** Opening Dataset records block **

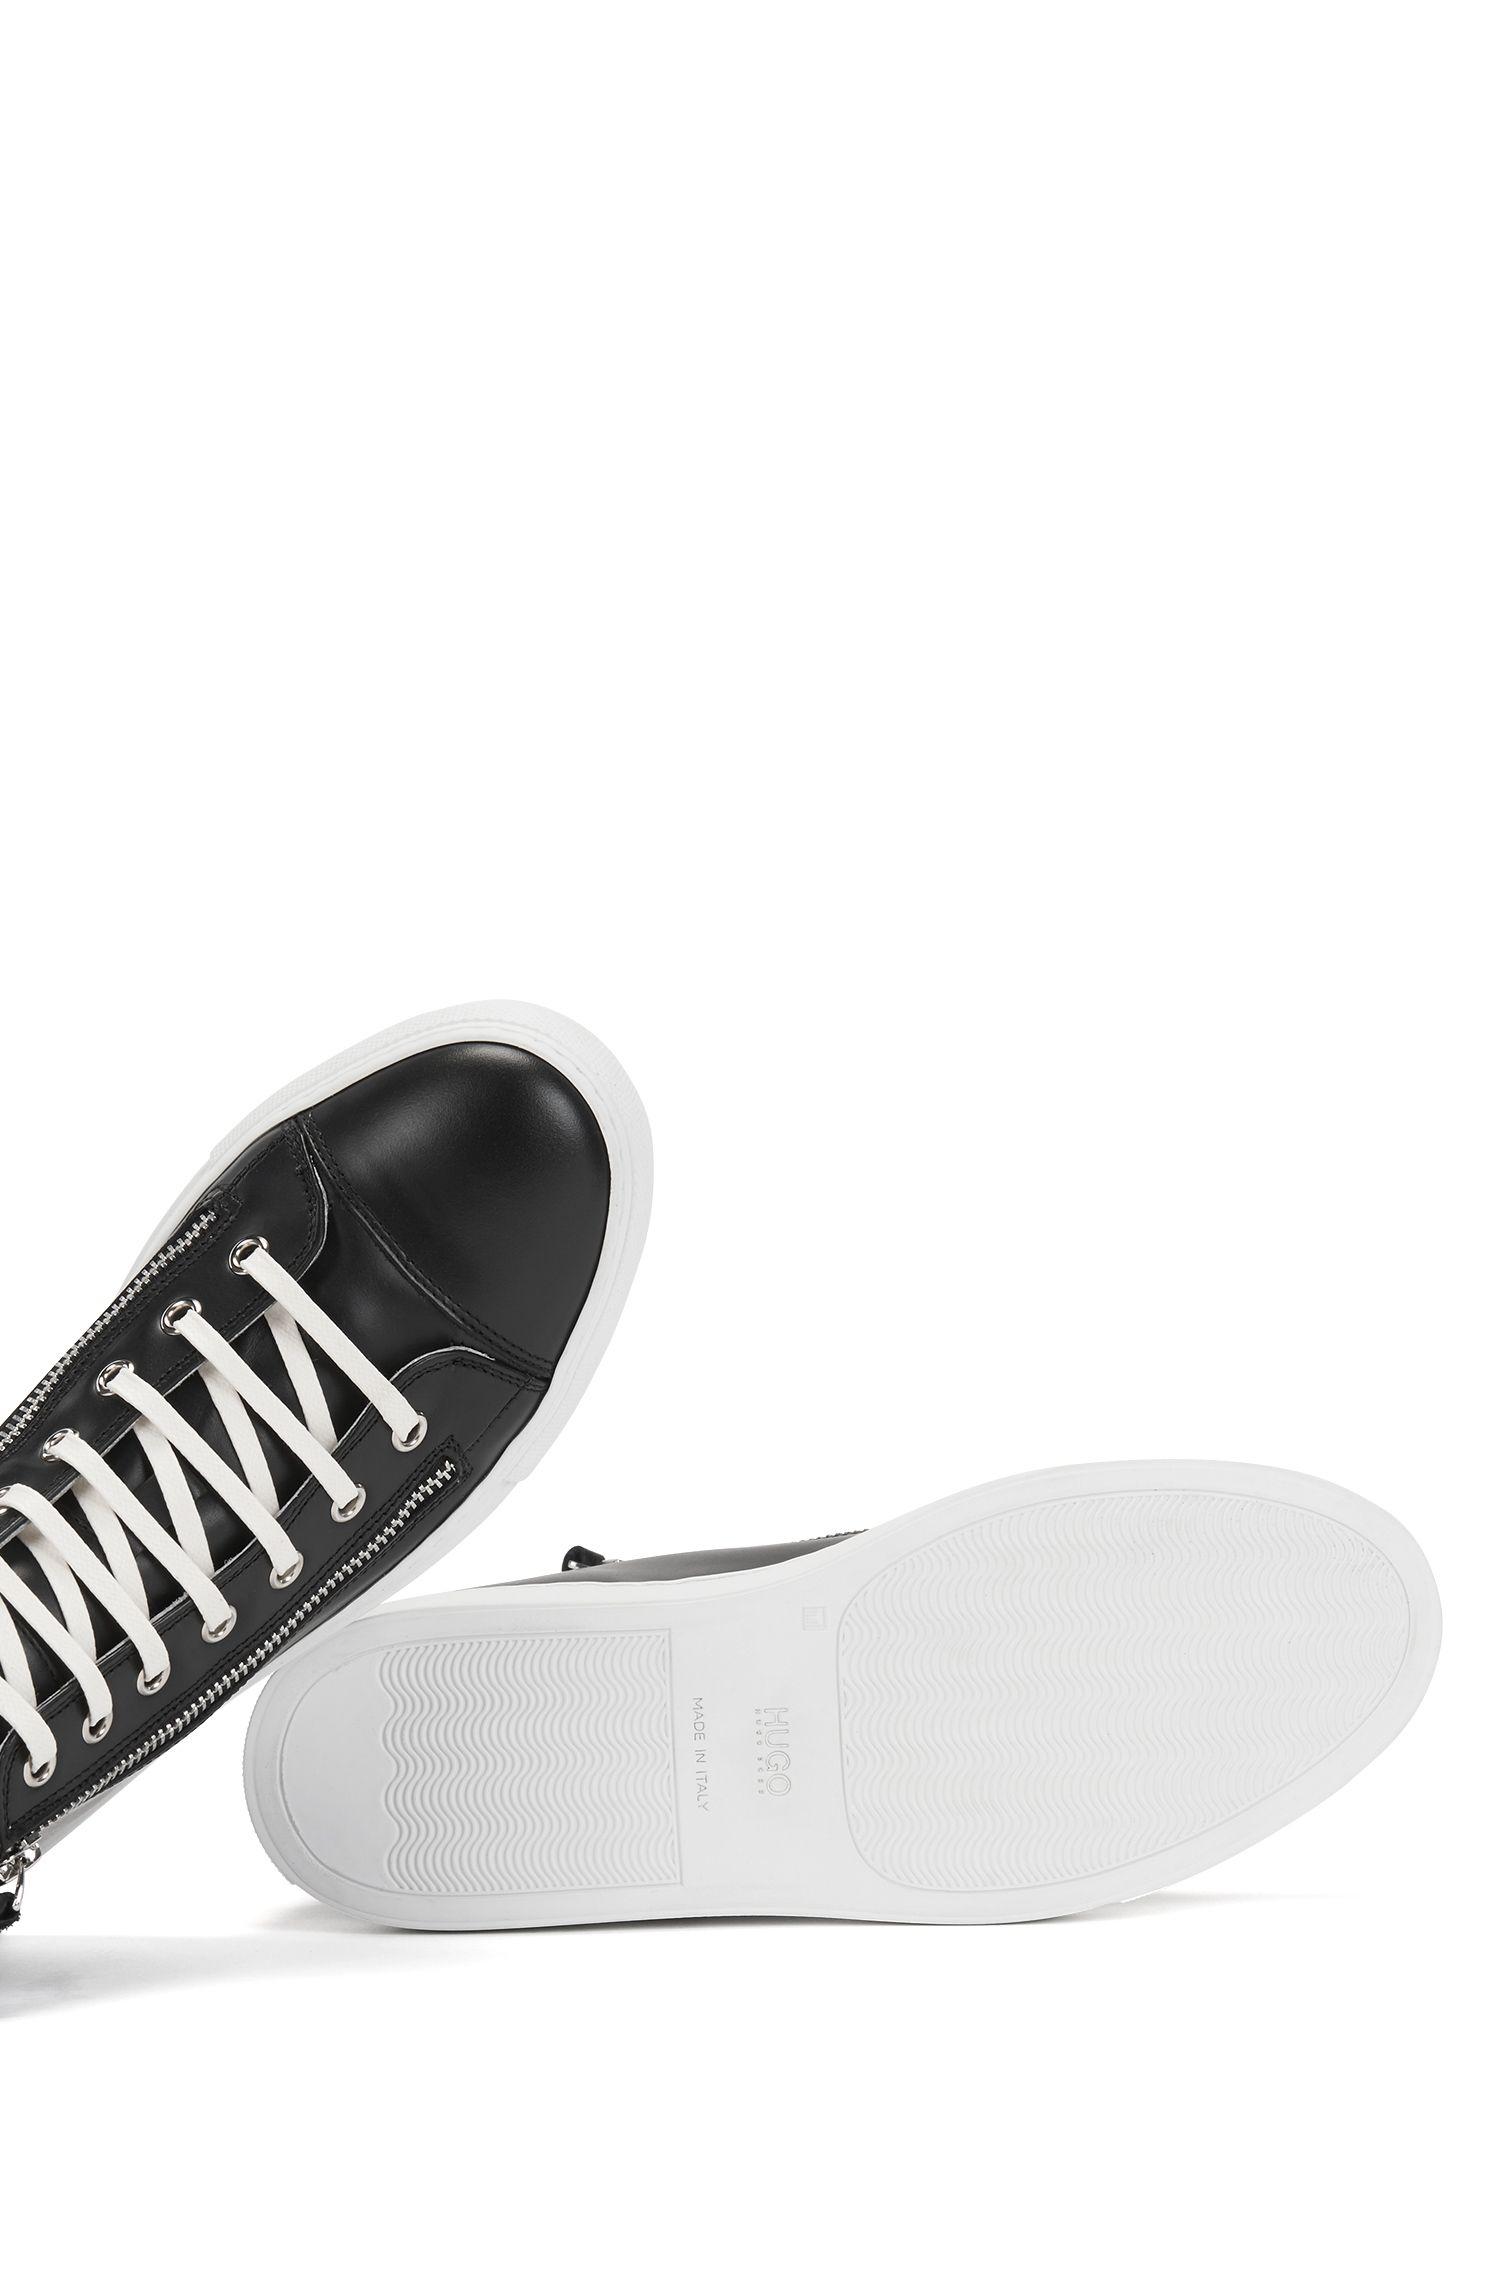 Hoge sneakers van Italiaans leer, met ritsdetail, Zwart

** Closing Dataset records block **
** Opening Dataset records block **

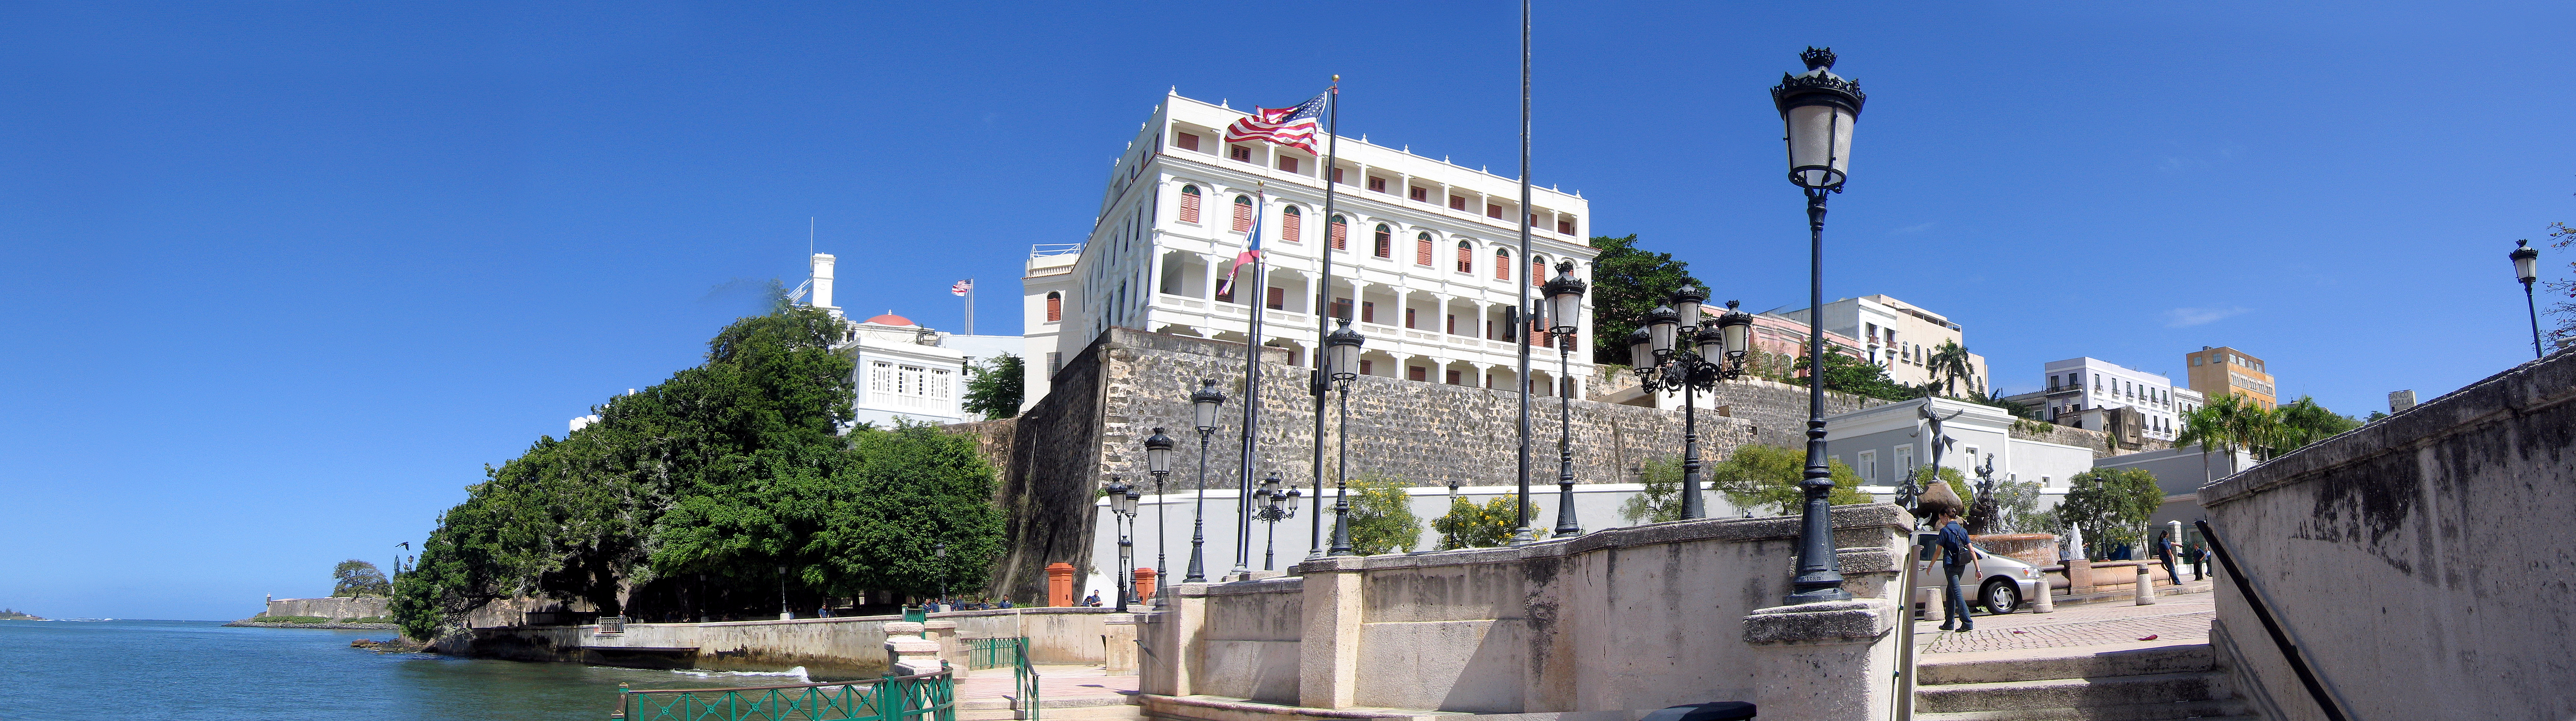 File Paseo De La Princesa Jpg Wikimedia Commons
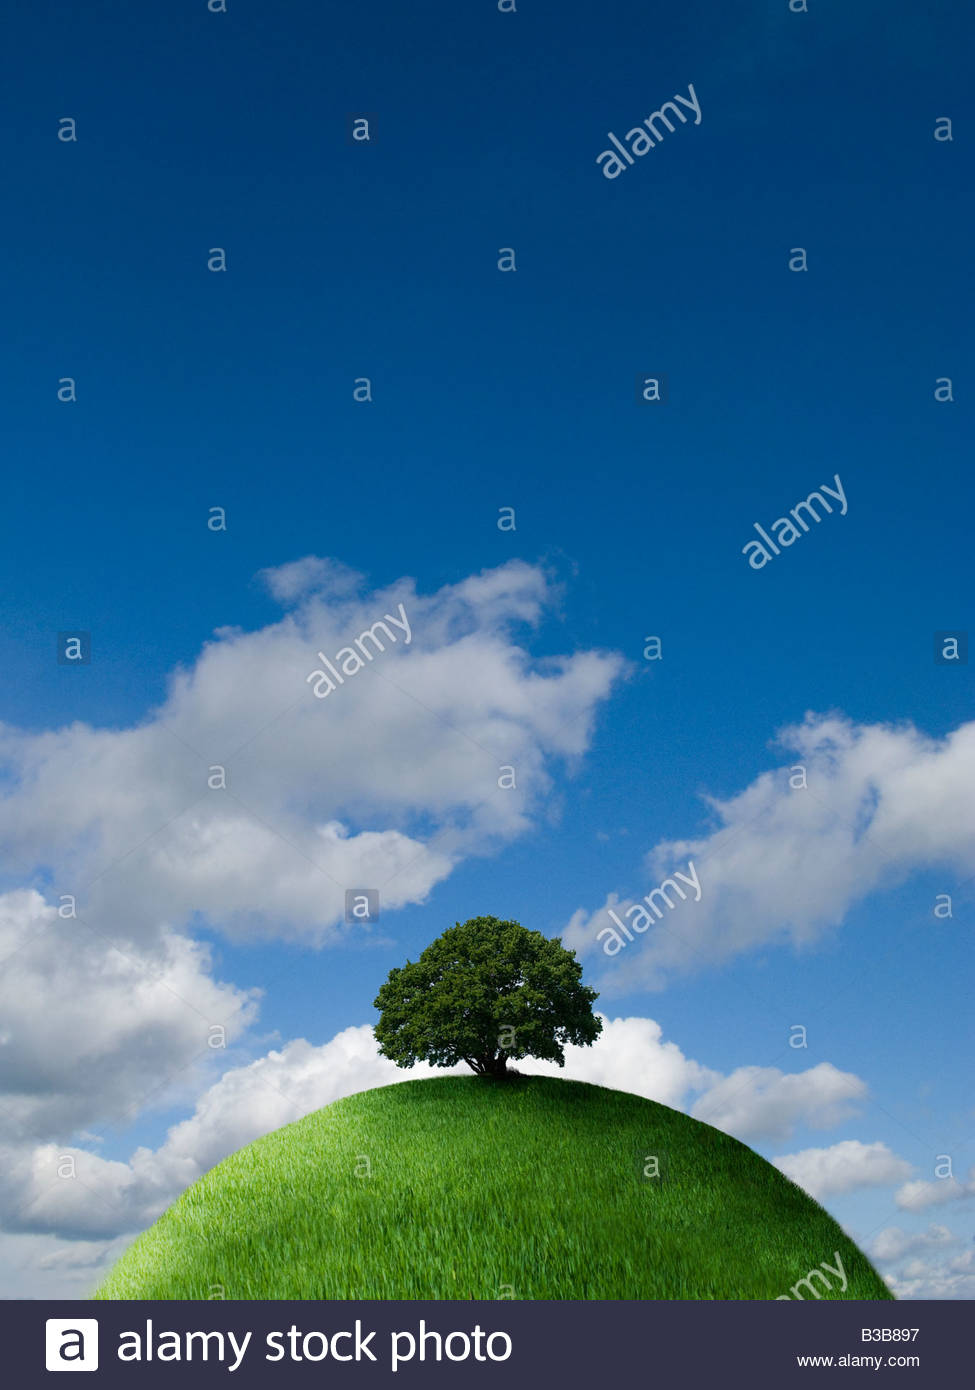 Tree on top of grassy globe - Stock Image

** Closing Dataset records block **

**How to complete this task**: Would you set down only the lines above from the line with "File Paseo De" to the line with "Tree on top of grassy globe - Stock Image", both included, exactly as they stand and without the pictures?

**Answer to this problem**:
 File Paseo De La Princesa Jpg Wikimedia Commons
 Tree on top of grassy globe - Stock Image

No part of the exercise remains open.